The world of cryptography has undergone a quiet revolution in recent years. That’s largely because of the advent of techniques that exploit the laws of quantum mechanics to send messages with perfect privacy. So-called quantum cryptography ensures that an eavesdropper cannot decode a message under guarantee by the laws of physics.
But sometimes perfect privacy isn’t enough. Sometimes the knowledge that a message has been sent is all that an adversary needs. So the question arises of how to hide a message so that an eavesdropper cannot tell whether it has been sent or not.
The discipline, known as steganography or covert communication, is as old as its cryptographic cousin but has received much less attention in recent years. But that changes today thanks to the work of Boulat Bash at the University of Massachusetts in Amherst and a few pals who have worked out how to camouflage messages in a way that is guaranteed mathematically.
And they’ve put their ideas into practice with a proof-of-principle demonstration. “We have built the first operational system that provides mathematically proven covert communication over a physical channel,” they say.
The technique is relatively straightforward, relying on a method of communication known as pulse position modulation.
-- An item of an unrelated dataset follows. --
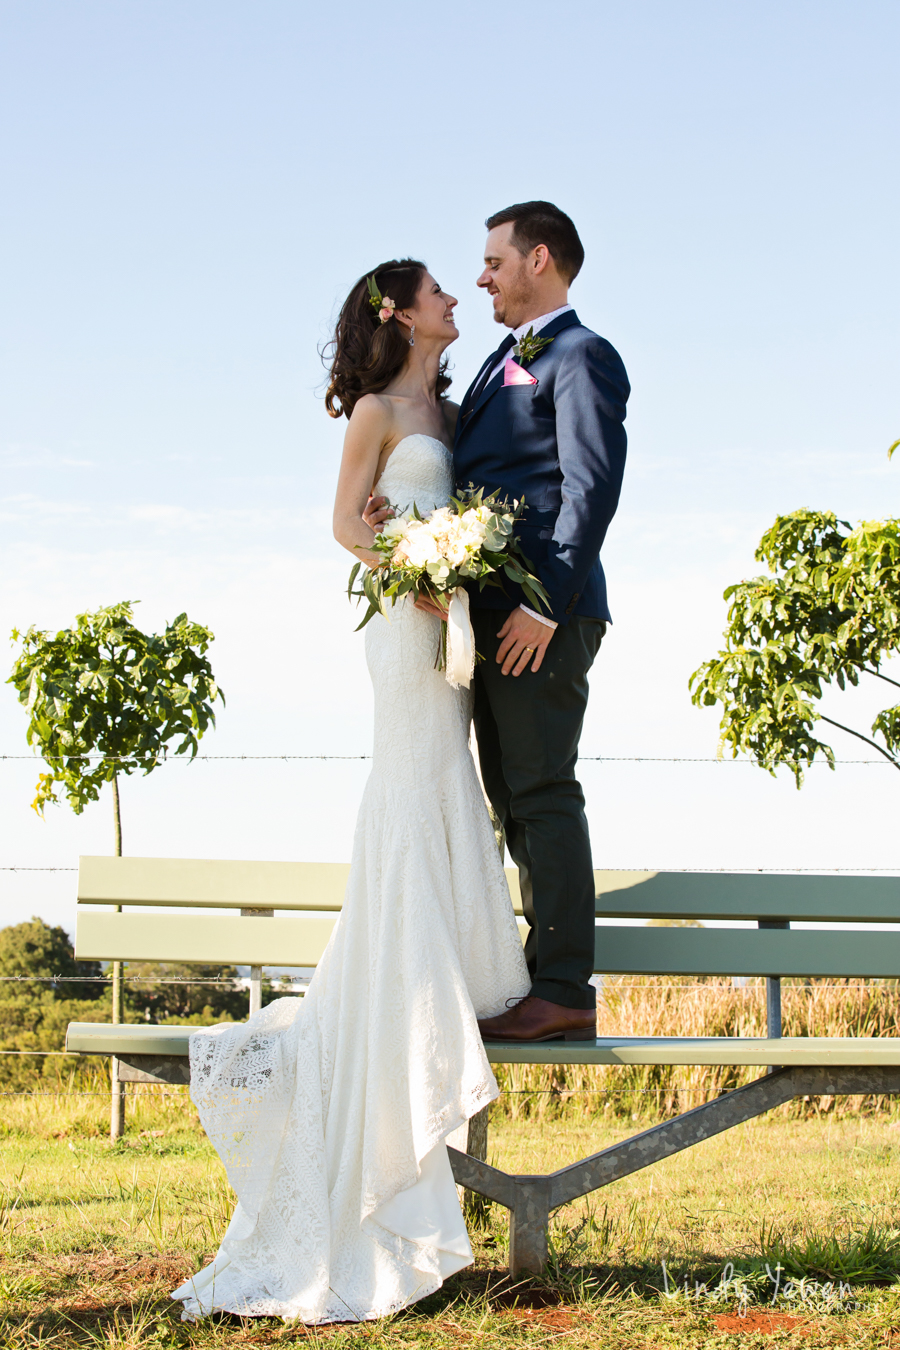 Montville-wedding-photographer-Lauren-Kirby 419.jpg
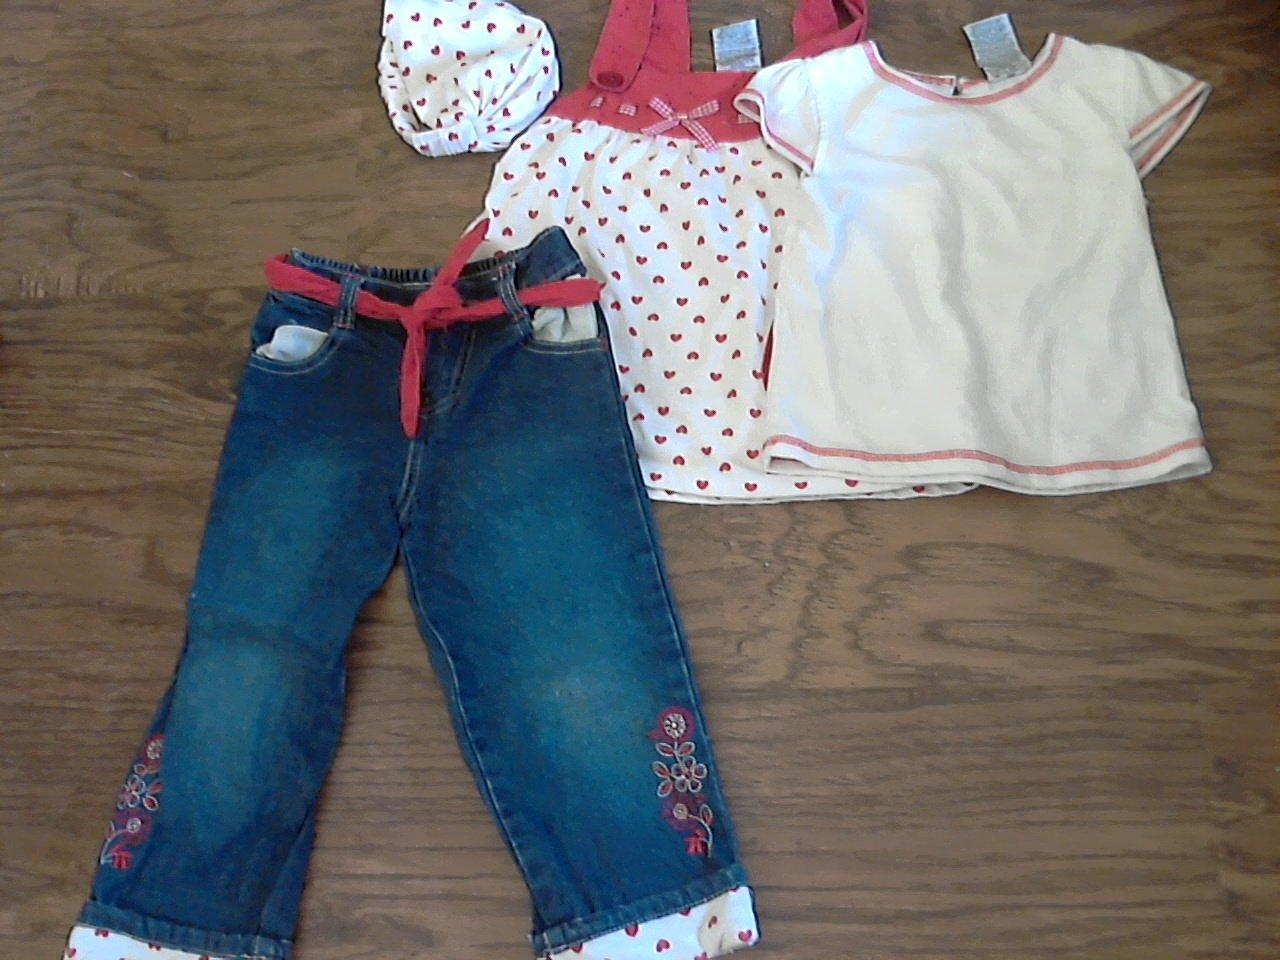 4 pieces toddler girl's white shirts, cap, jean denim pant set 3T

This divides each second (or other unit of time) into a number of time bands which each correspond to a symbol. Alice sends a message to Bob by transmitting pulses during bands that correspond to the required symbol, which Bob then looks up in the order he receives them.
There’s an important caveat, of course. This system requires the sender and receiver to agree on the band structure and the symbols they refer to. And this must be done in advance in secret.
This allows Alice and Bob to send encrypted messages (the length of which depend on the length of the information shared in advance).
The question is how to hide this information. And the answer is in plain view. Bash and co assume that the message is sent using photons and that the environment supplies a certain amount of noise against which their signal is camouflaged. For example, they assume that photon detectors are not perfect and so always produce a certain number of dark counts in which they register a photon without receiving one.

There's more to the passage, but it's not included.